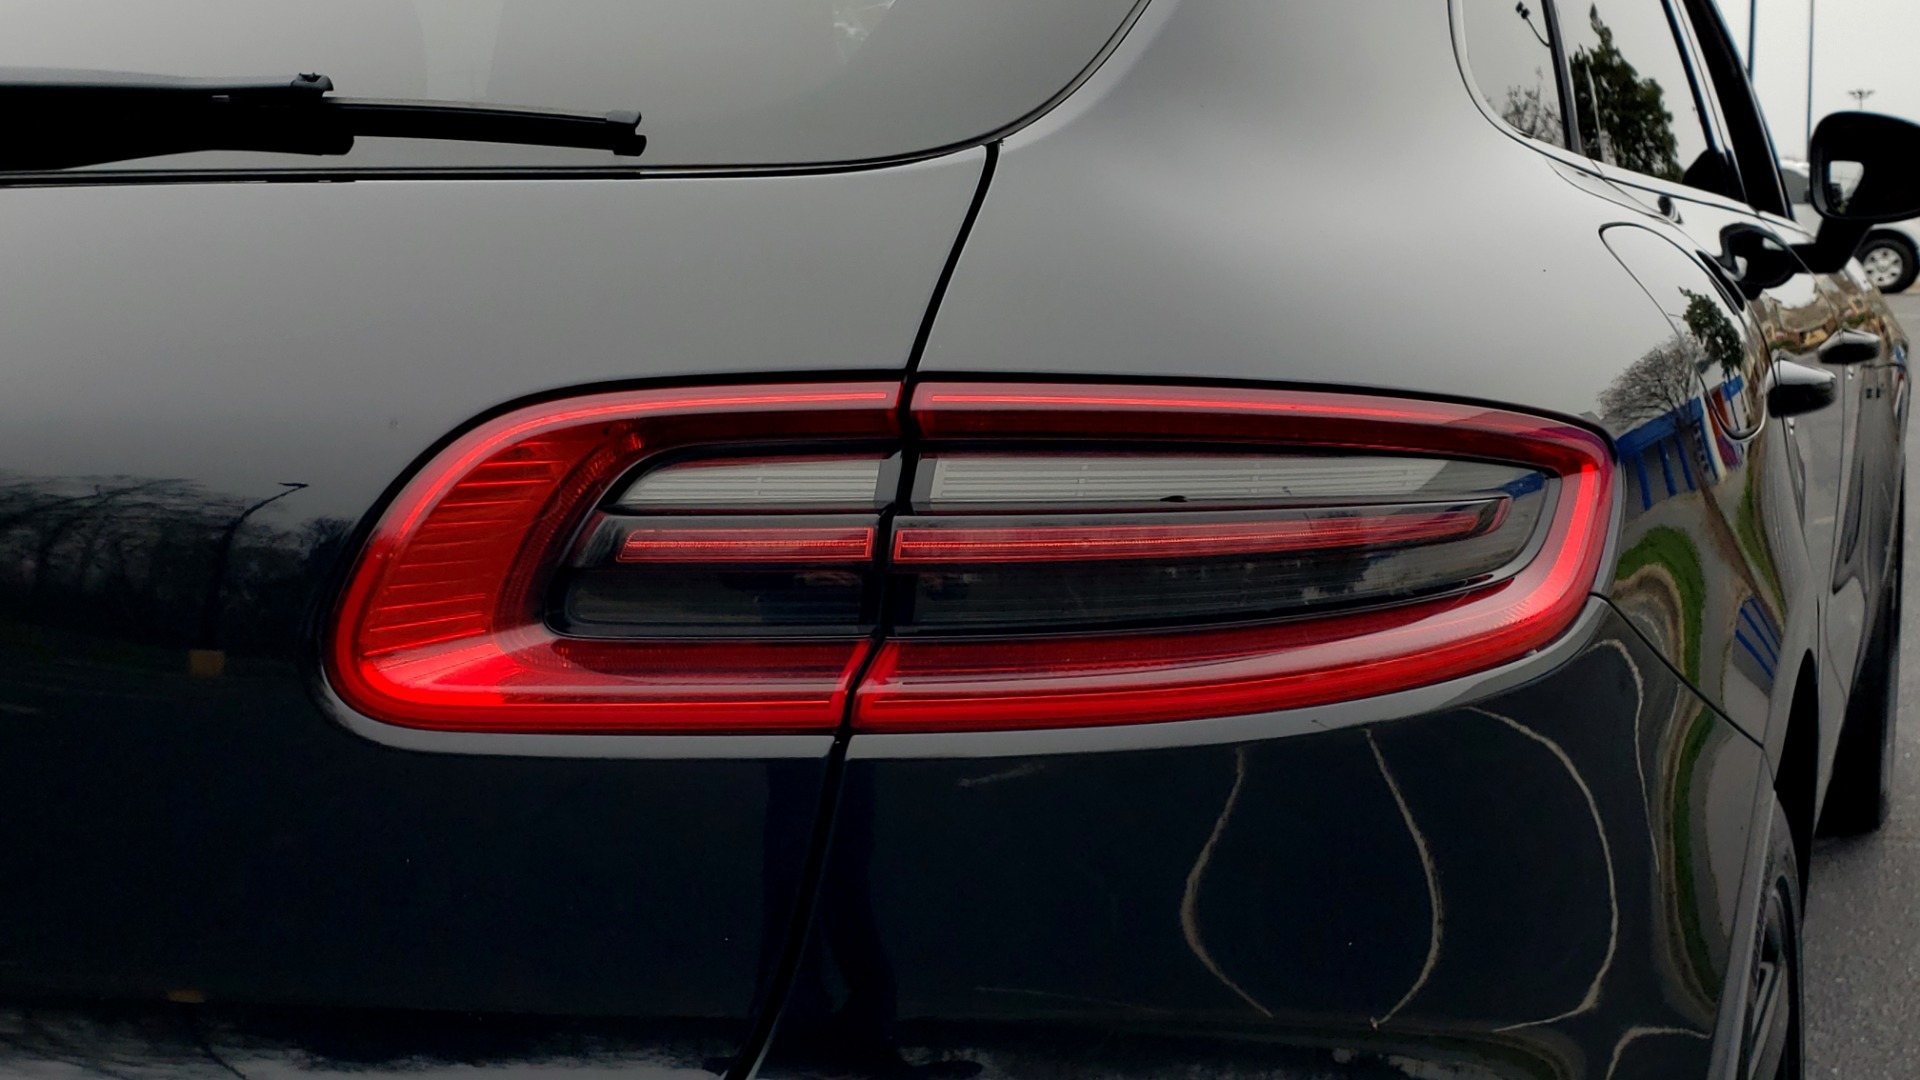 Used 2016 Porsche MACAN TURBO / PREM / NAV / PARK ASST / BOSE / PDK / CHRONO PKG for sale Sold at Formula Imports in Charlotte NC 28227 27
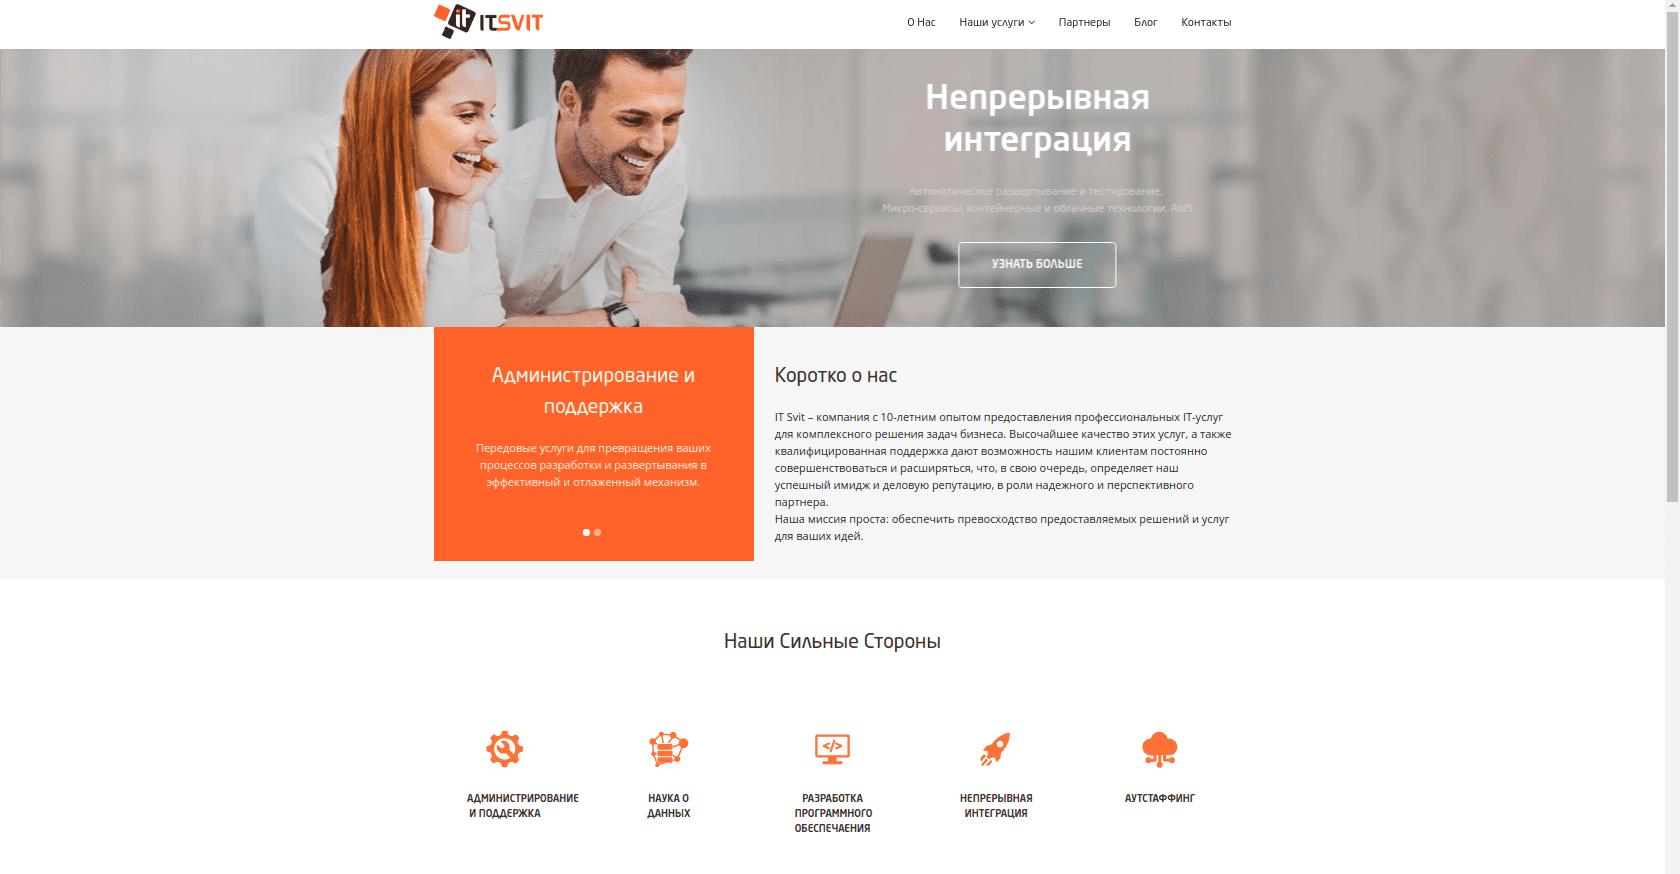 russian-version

------------------------------------

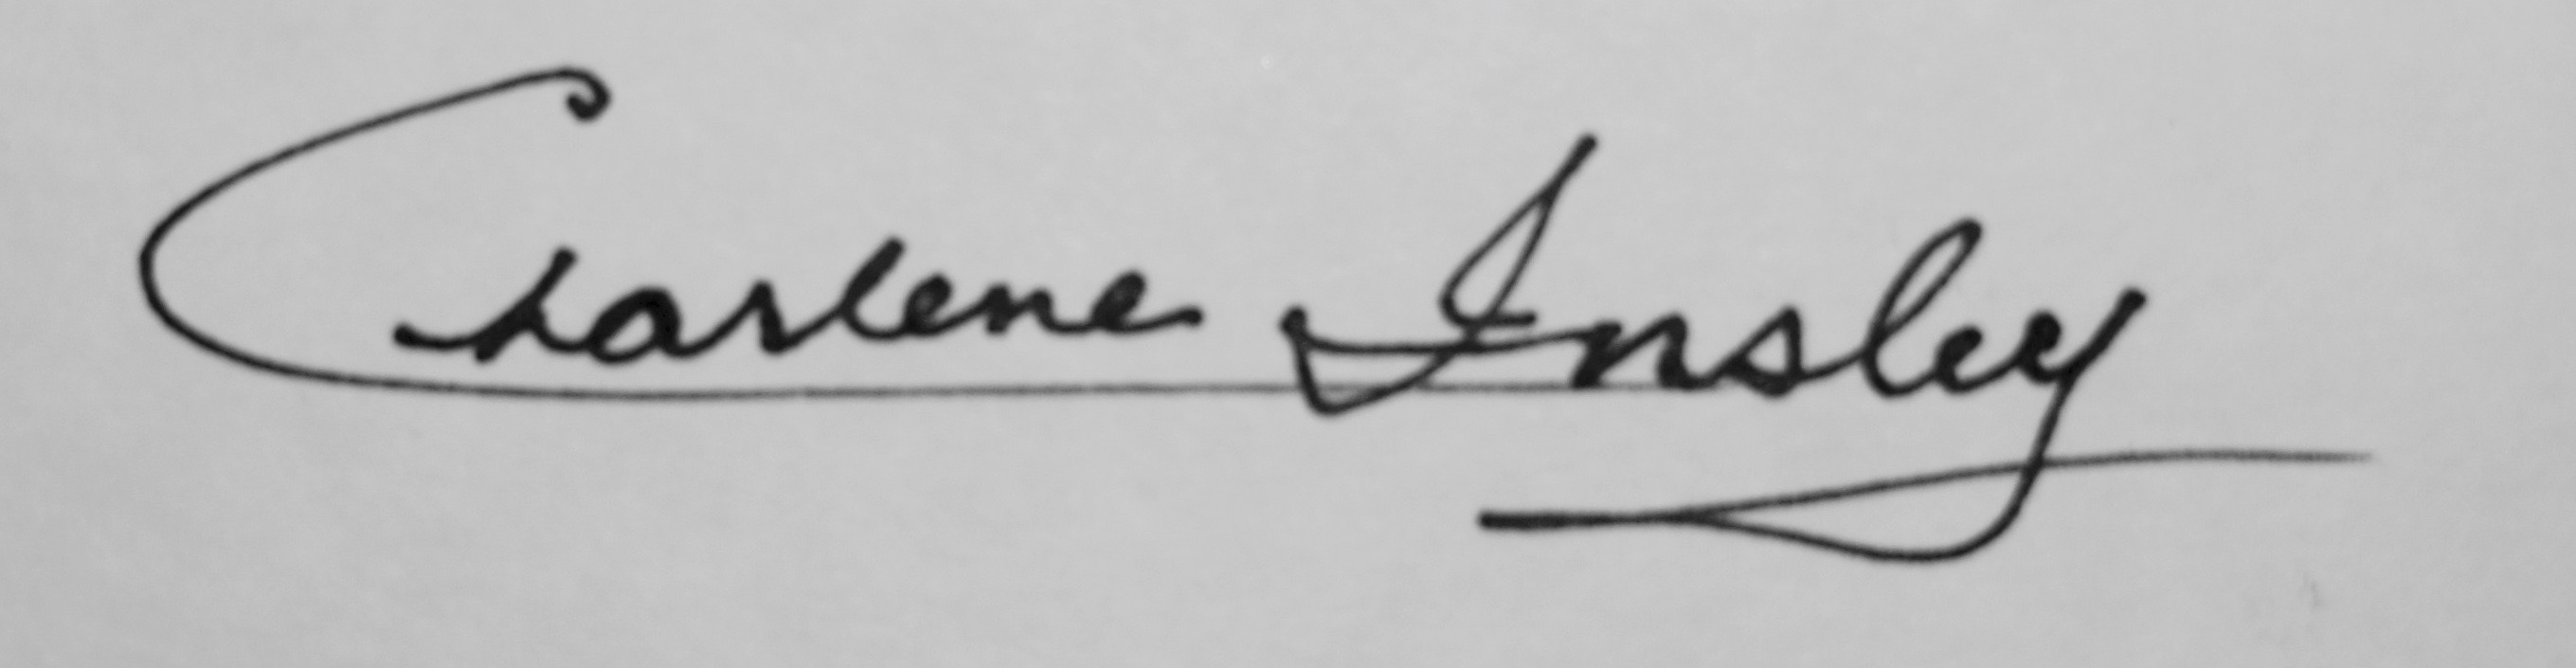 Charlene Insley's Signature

------------------------------------

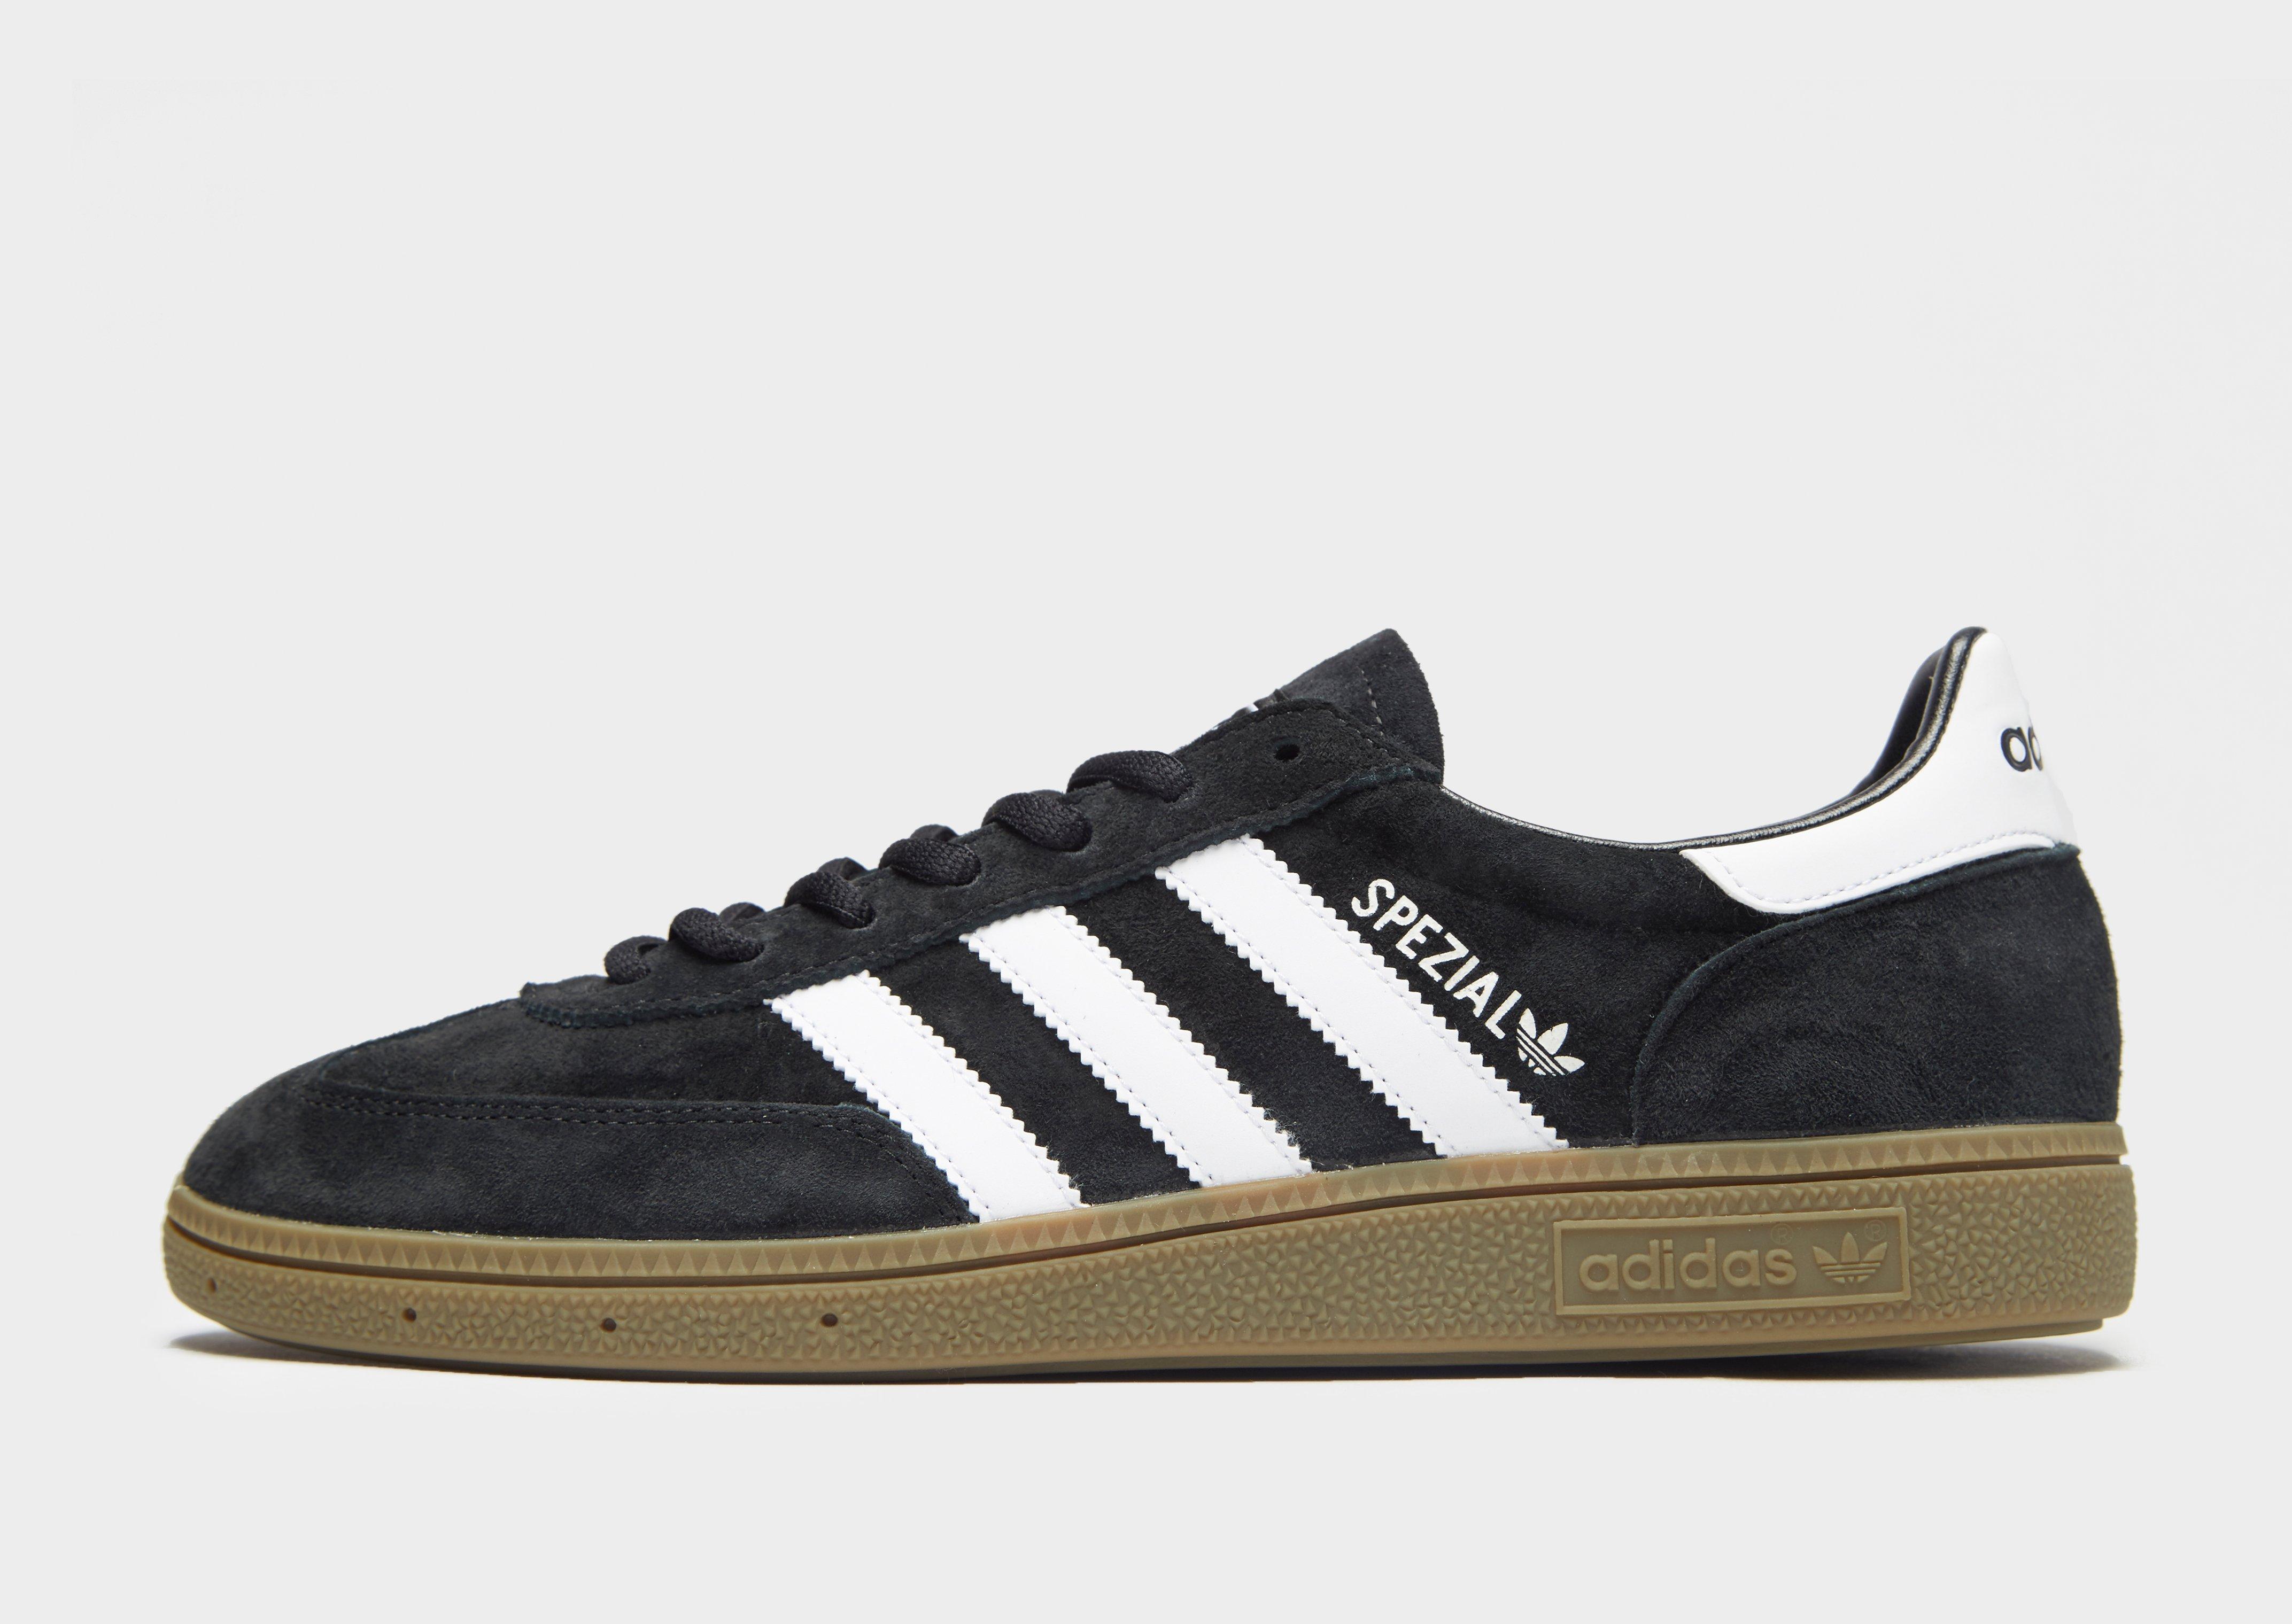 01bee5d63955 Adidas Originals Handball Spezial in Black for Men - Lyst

------------------------------------

[Exercise]: Your answer must be the lines above from the one holding "Used 2016 Porsche" up to and including the one holding "russian-version", exact and with no pictures.

[Result of the exercise]:
 Used 2016 Porsche MACAN TURBO / PREM / NAV / PARK ASST / BOSE / PDK / CHRONO PKG for sale Sold at Formula Imports in Charlotte NC 28227 27
 russian-version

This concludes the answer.